= Jadira =

Jadira refers to a people and territory believed by Norman Tindale to inhabit an area in the Pilbara region of Western Australia. The status of Jadira in the sense defined by Tindale has been recently questioned by Paul Burke.
==Ascribed country==
Tindale described the tribal boundaries of some 3,600 mi2 of land belonging to this "Jadira" people, in the following terms.3,600 sq. The Jadira occupied the areas about the middle sections of the Cane and Robe rivers, running south of Mount Minnie, and as far north as the Fortescue River. Their eastern frontier putatively fell short of the western scarp of the higher plateau of the Hamersley Ranges.

Tindale also added a list of alternative names for these Jadira:
- Kawarindjari, Kawarandjari
- Kawarandari
- Kawarindjara
- Kauarind'arri, Kauarndhari
- Garindjari
These terms represented Ngarluma exonyms applied to the Jadira, and bore the sense of "belonging to the west".

The only other information available to Tindale led him to suggest that some of the Jadira, a non-circumcising tribe, with the onset of European colonization, shifted eastwards to Ashburton Downs Station, while a second group moved to the mouth of the Fortescue River where they were assimilated into the Martuthinira. Traditionally, he added, their access to the coastal waters lay through Nhuwala (which Tindale spelt Noala) territory, between the Cane and Robe rivers, a practice Tindale described as "trespassing".

==Controversy==
Aboriginal Legal Aid lawyer and Land Council lawyer Paul Burke re-examined Tindale's papers and sources when, with regard to a native title claim, he had to work out the precise boundaries for another tribe in this area. He came to the conclusion that the Jadira people and their territory were a misnomer, a phantom category, inexplicably created by Tindale on otherwise very thin evidence.

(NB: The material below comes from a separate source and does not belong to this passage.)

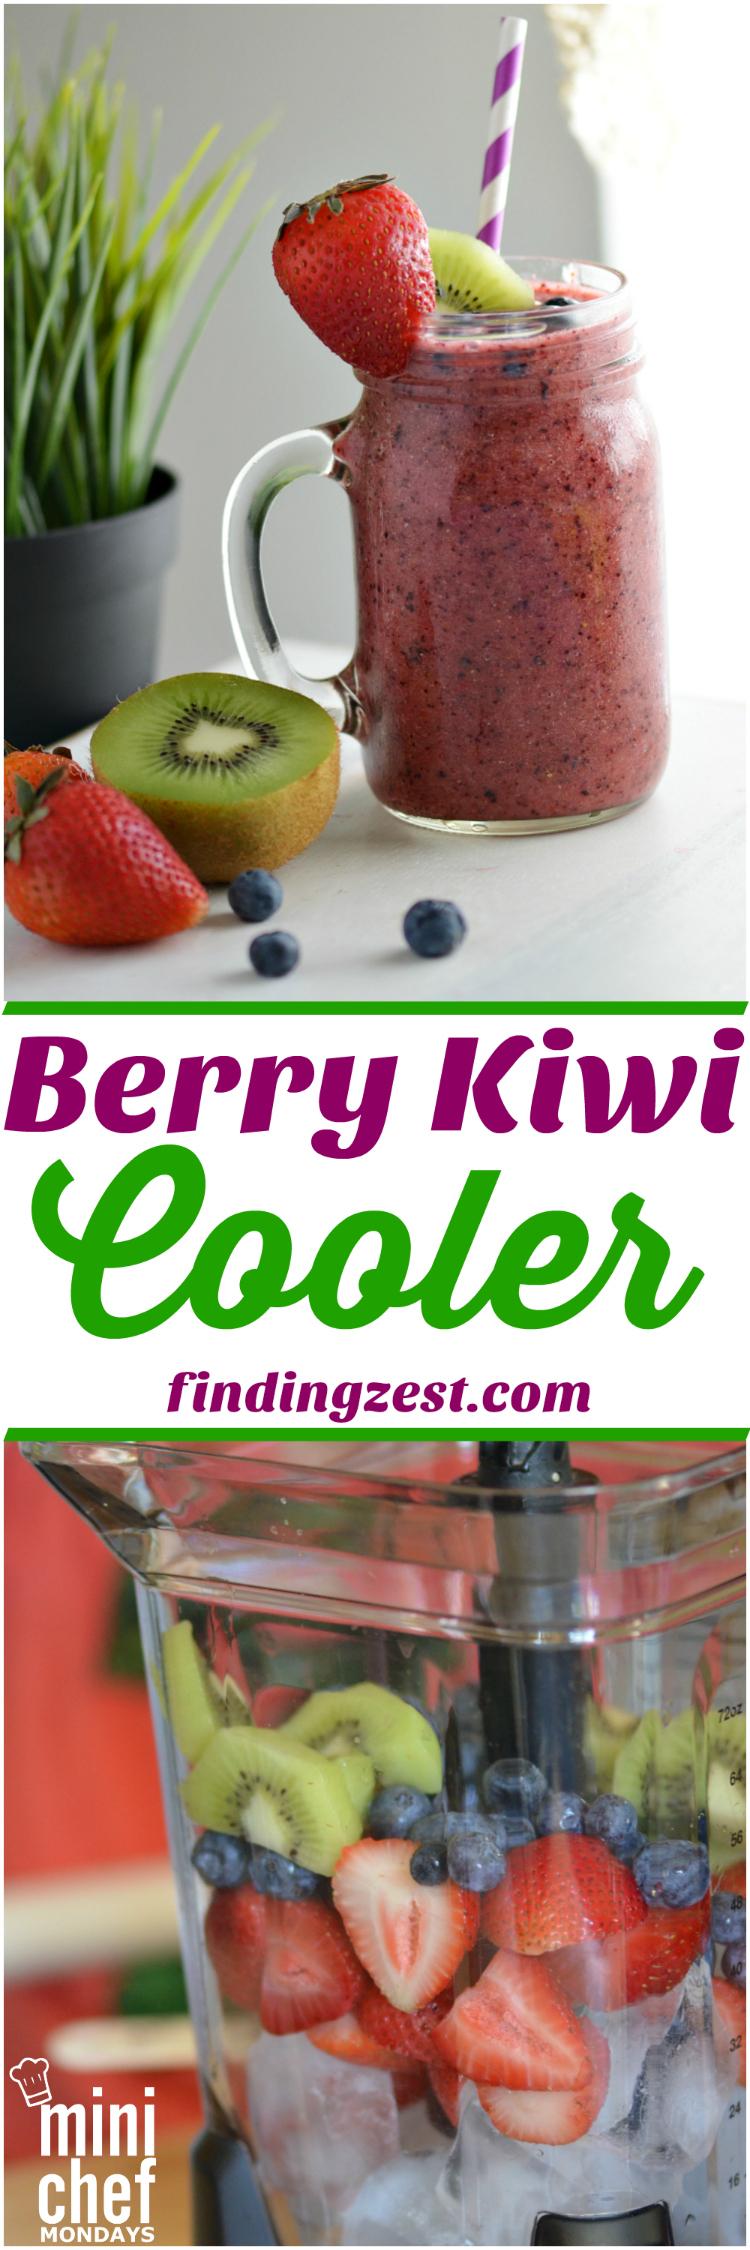 Berry Kiwi Cooler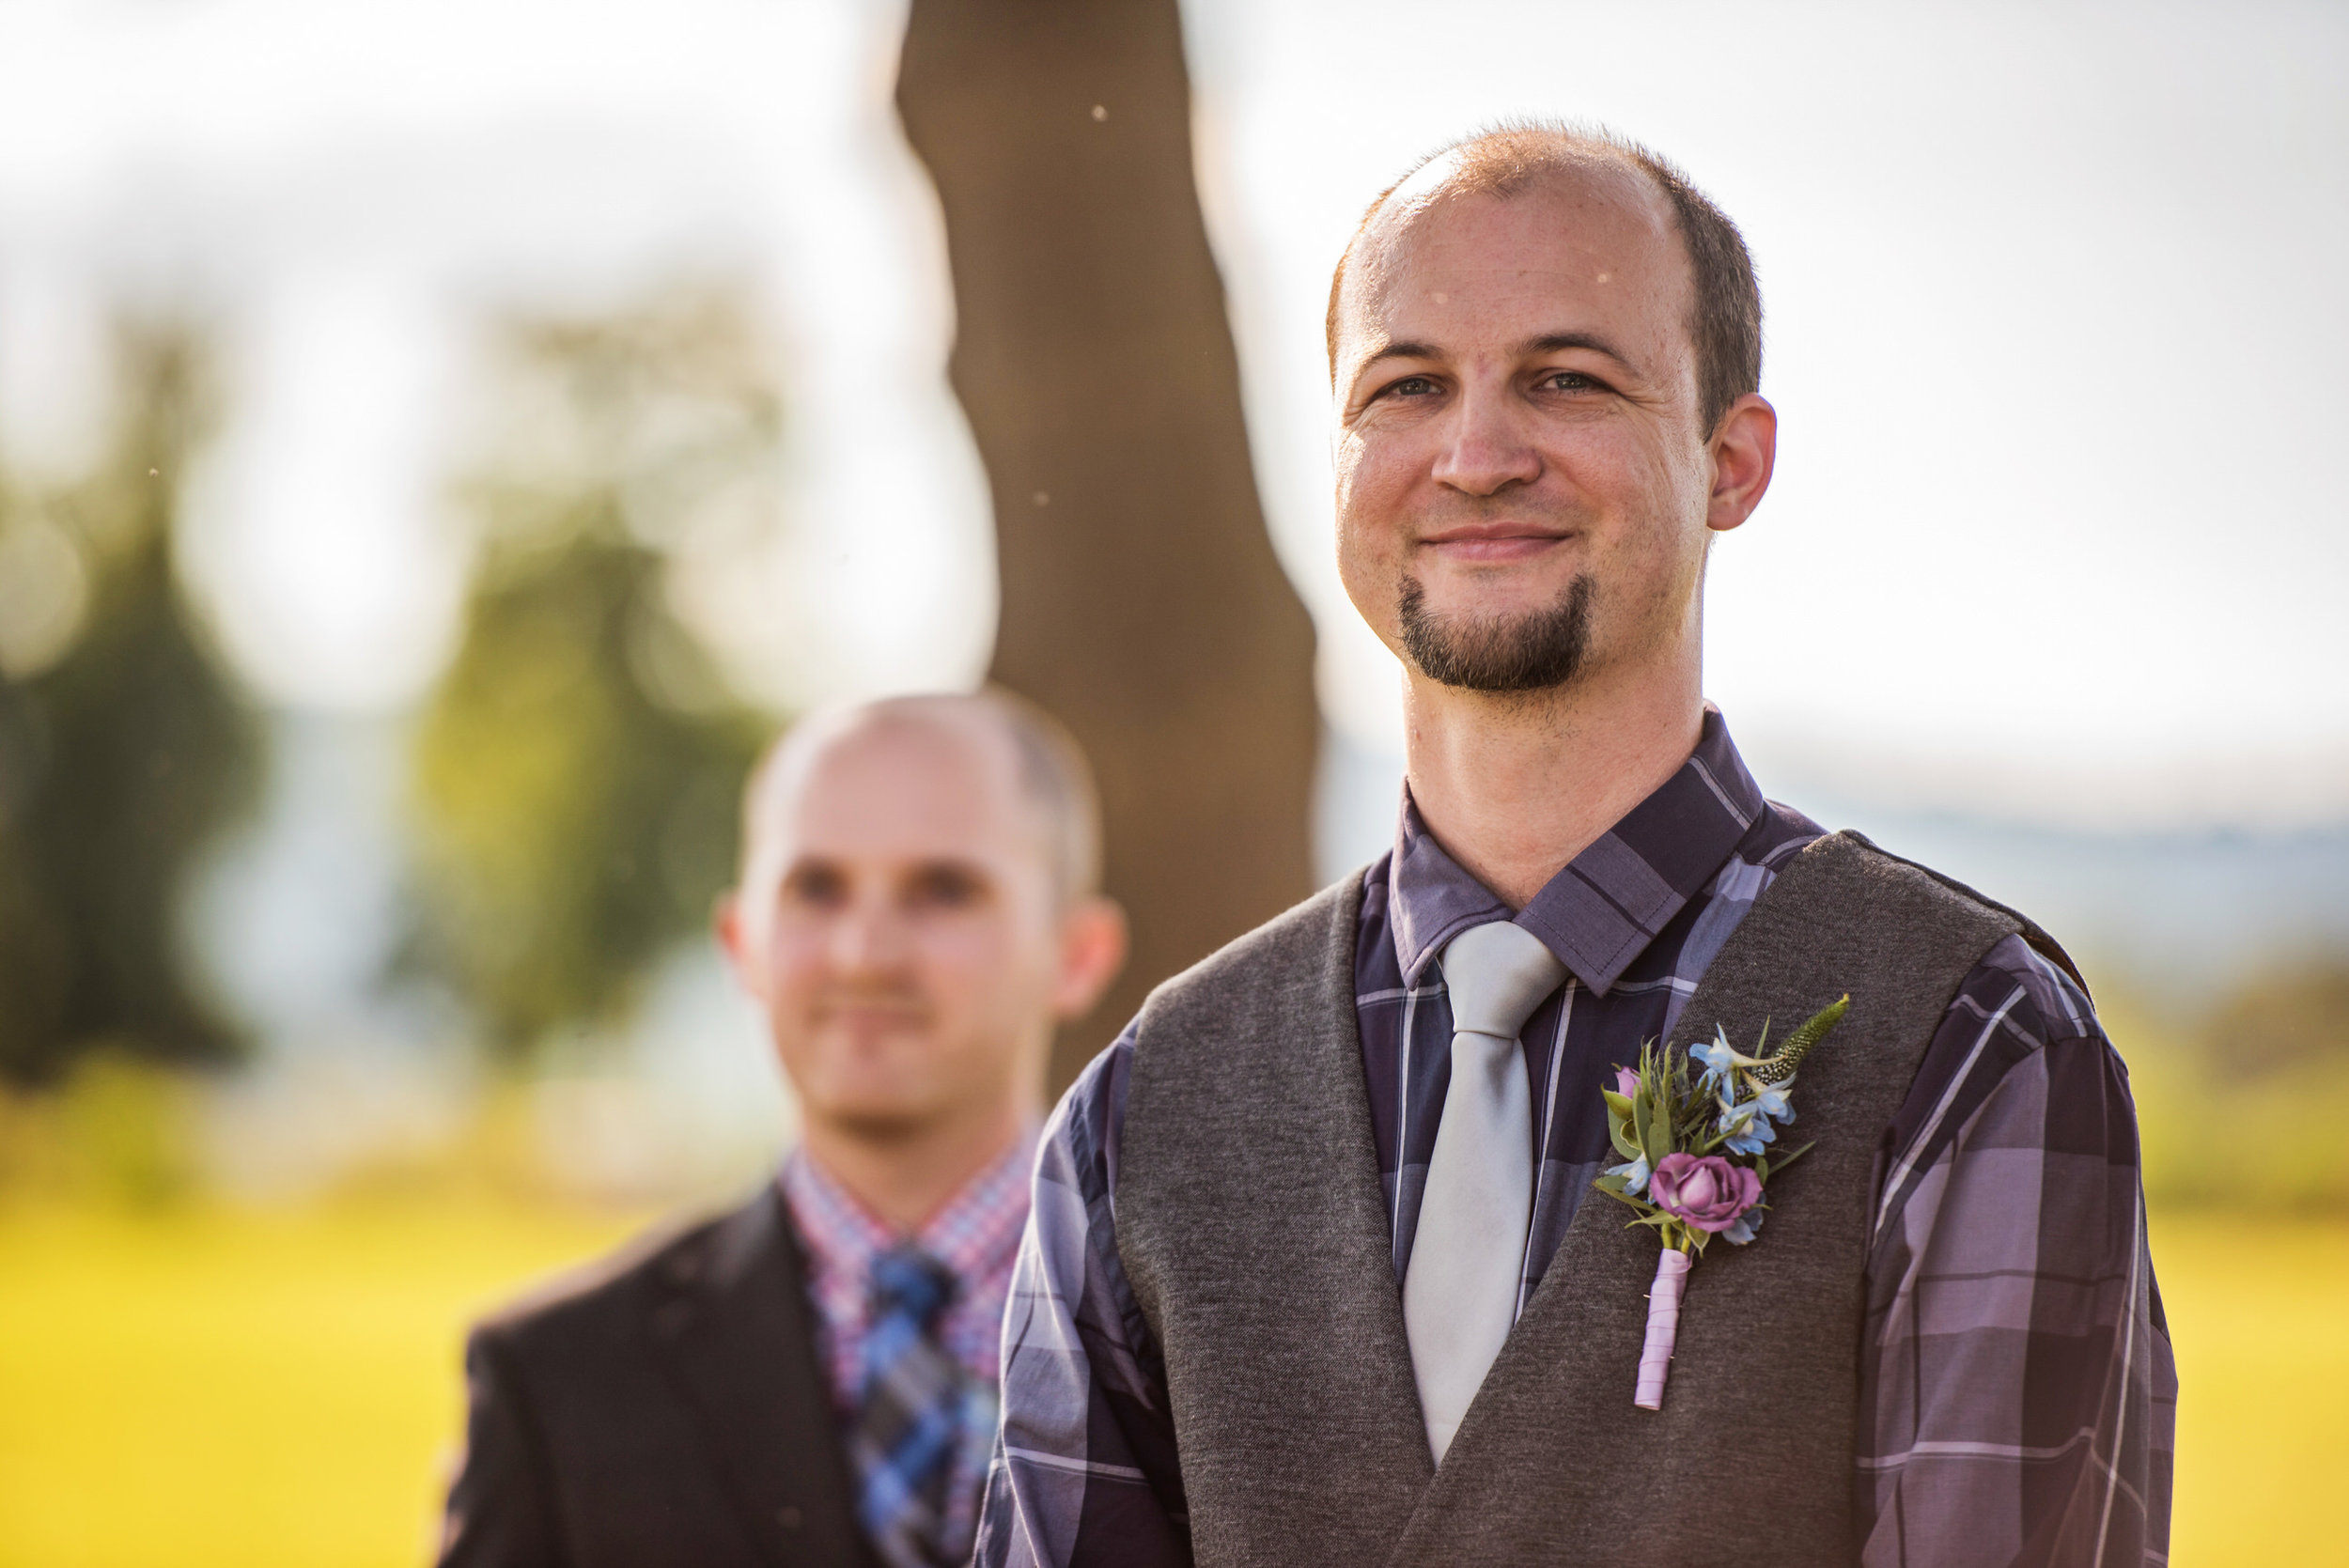 EastLynnFarmWedding-Steph&Aaron-Ceremony-51.jpg

The primary source for Tindale's thesis lies in a single reference to the Kau'arndhäri (Note: Bates spells it two slightly different ways: "Kau'arndhäri", and "Kauarndhari".) in a 1914 paper by Daisy Bates, where Bates names it as one of four western Pilbara tribes – the others being the Ngarluma, the Kariera, and the Martuthinira – whose class system, governing marriages, is, she claimed, identical. (Note: Bates does however distinguish between cross-cousin marriage permitted by the Kariera and Ngarluma, but not by the Martuthinira or Kau'arndhäri, a statement which contradicts her prior remark that she did not have sufficient information on the last two regarding cross-cousin rules.) Bates does not mention the Jadira, but Tindale drew the conclusion that it was the endonym of the Kau'arndhäri, on the basis of a report by Carl Georg von Brandenstein, the first person to introduce the term 'Jadira,' and who glossed the latter term (Kau'arndhäri) by the former.